En 1632, la mère de Chantal a soixante ans. Pendant tout le temps que la peste a sévi, en qualité de supérieure du monastère d’Annecy, elle a présidé aux destinées de la Visitation ; elle a vu s’ouvrir le tombeau du saint fondateur de son ordre et été témoin de quelques-uns de ses miracles ; elle a la ferme assurance qu’il sera canonisé un jour. Son « triennal » est achevé ; elle croit que sa fin est proche, et elle voudrait se préparer à la mort. Le 22 mai, en présence des sœurs réunies dans le chœur, elle se met à genoux, « fait sa coulpe » de toutes les fautes commises pendant son administration, et, déposant son pouvoir, avec une merveilleuse humilité, elle va se mettre à la dernière place. En vain elle supplie ses filles de ne plus lui confier aucune charge : elle est réélue le 27 mai. « Voyez-vous, ma fille, déclarait-elle à une religieuse, tous mes sens, tout moi-même, tout mon intérieur, répugnent à cette charge, et je l’accepte seulement pour le bon plaisir de Dieu ; car, hélas ! ma fille, je suis sur la fin de ma vie, et j’ai besoin de penser à moi. » Elle n’en fut pas moins, pendant ces trois nouvelles années de direction, la supérieure accomplie et prodigieusement active qu’elle avait toujours été : les deuils qui l’affligent profondément, — celui de sa belle-fille Marie de Coulanges, celui de son gendre Toulonjon, celui de M. Michel Favre, — et les préoccupations qui en sont la suite assombrissent sa vie sans nuire aux multiples devoirs quotidiens qu’elle assume. Les nouvelles maisons qui se fondent augmentent ses soucis, accroissent sa correspondance : jamais elle ne perd pied ni courage. Depuis longtemps il était question d’établir un second monastère à Annecy. S’y étant enfin décidée, la mère de Chantal voit se conjurer contre elle toute sorte de difficultés, d’objections et même de calomnies locales. Elle poursuit sans se troubler son dessein et surmonte tous les obstacles.
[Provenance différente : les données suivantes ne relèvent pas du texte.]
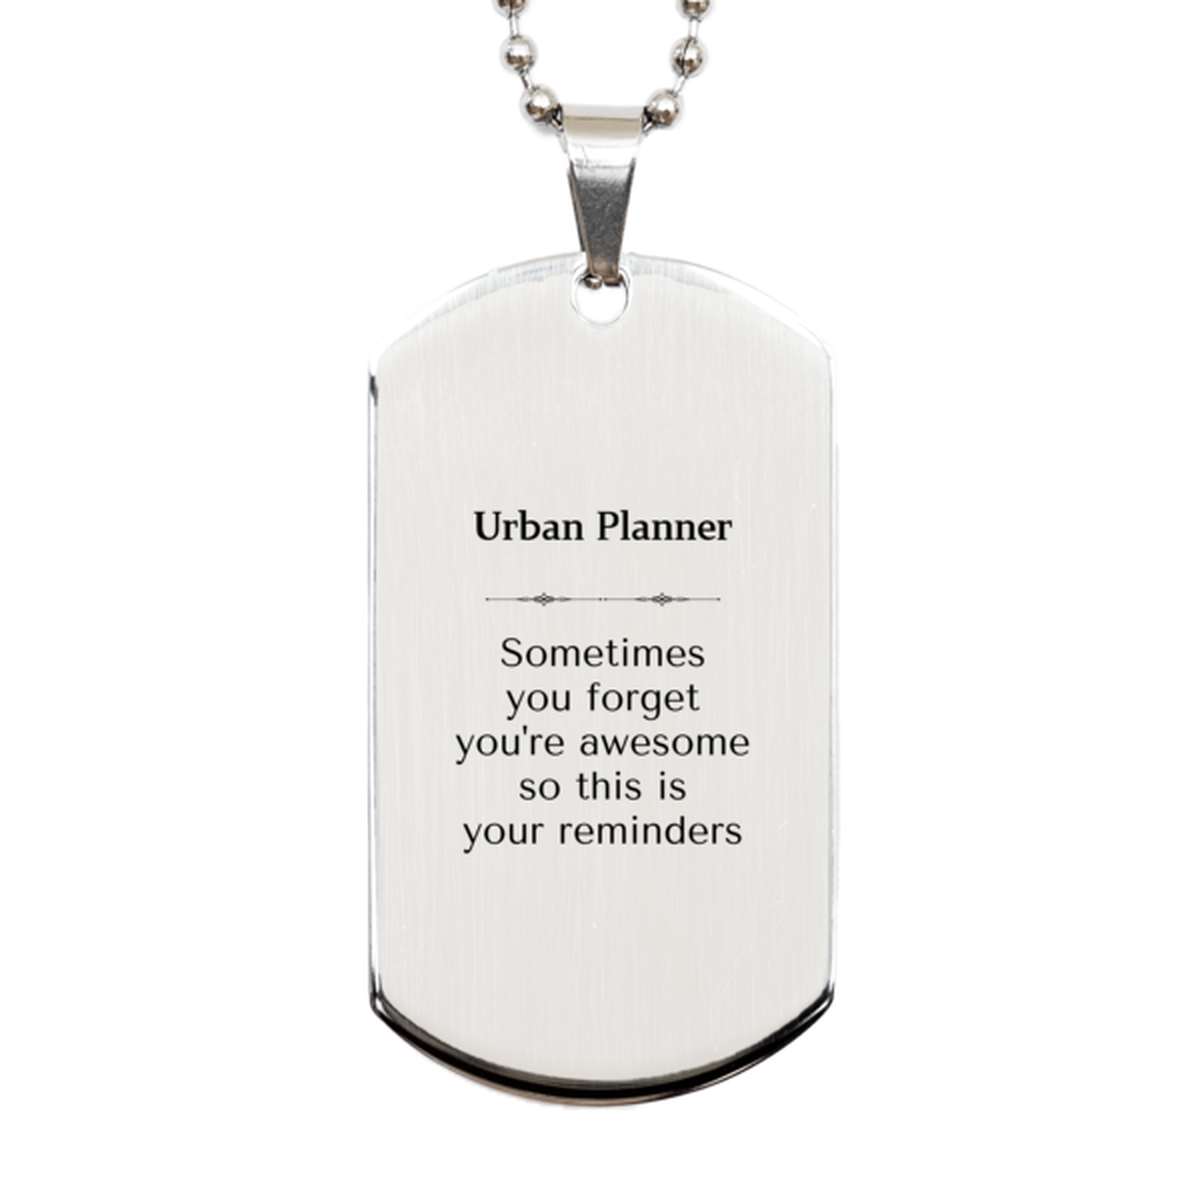 Sentimental Urban Planner Silver Dog Tag, Urban Planner Sometimes you forget you're awesome so this is your reminders, Graduation Christmas Birthday Gifts for Urban Planner, Men, Women, Coworkers

Quand le 19 mai 1635, toute joyeuse d’être enfin délivrée du lourd fardeau qui pesait sur ses épaules, elle déposa le pouvoir et fit publiquement sa coulpe des fautes qu’elle avait commises pendant le temps de son administration, Mgr de Genève put lui dire avec vérité que « grâce à Dieu, il ne s’était pas aperçu qu’il n’y eût rien dans la maison qui n’allât bien ».
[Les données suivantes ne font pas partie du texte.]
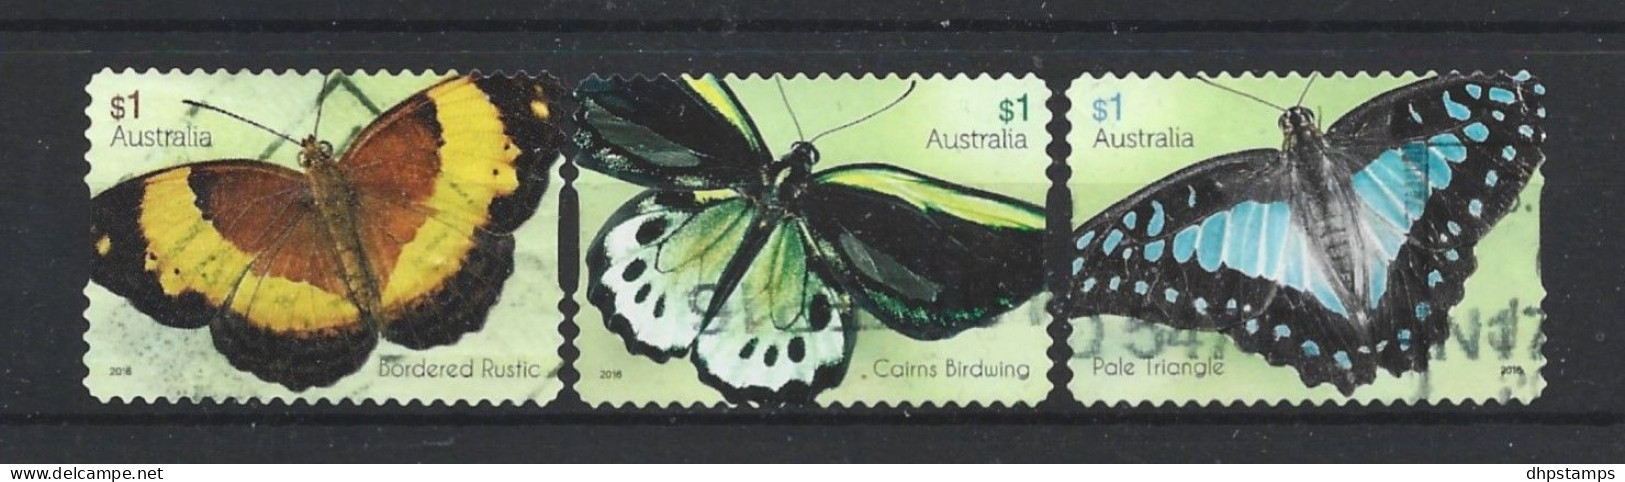 Australia 2016 Butterflies S.A. Y.T. 4324/4326 (0) - Used Stamps

Une grave question se posait, qui préoccupait beaucoup d’évêques et de pieux ecclésiastiques, saint Vincent de Paul, entre autres. L’ordre de la Visitation s’étant développé au delà de toute espérance, n’était-il pas à craindre que, la mère de Chantal une fois morte, l’union que sa forte personnalité maintenait entre tous les monastères vînt à se relâcher, et n’y avait-il pas lieu, comme pour tous les autres ordres, de les grouper sous l’autorité d’une supérieure générale ? Il fut décidé que la question serait discutée lors de l’assemblée générale du clergé qui devait se tenir à Paris en 1635. L’évêque de Genève, Mgr Jean-François de Sales, résolut d’y envoyer la mère de Chantal ; et quand celle-ci eut été déposée, l’évêque d’ailleurs étant mort dans l’intervalle, elle se mit en route vers la fin de juin, s’arrêta un peu à Moulins, et arriva à Paris le 25 juillet.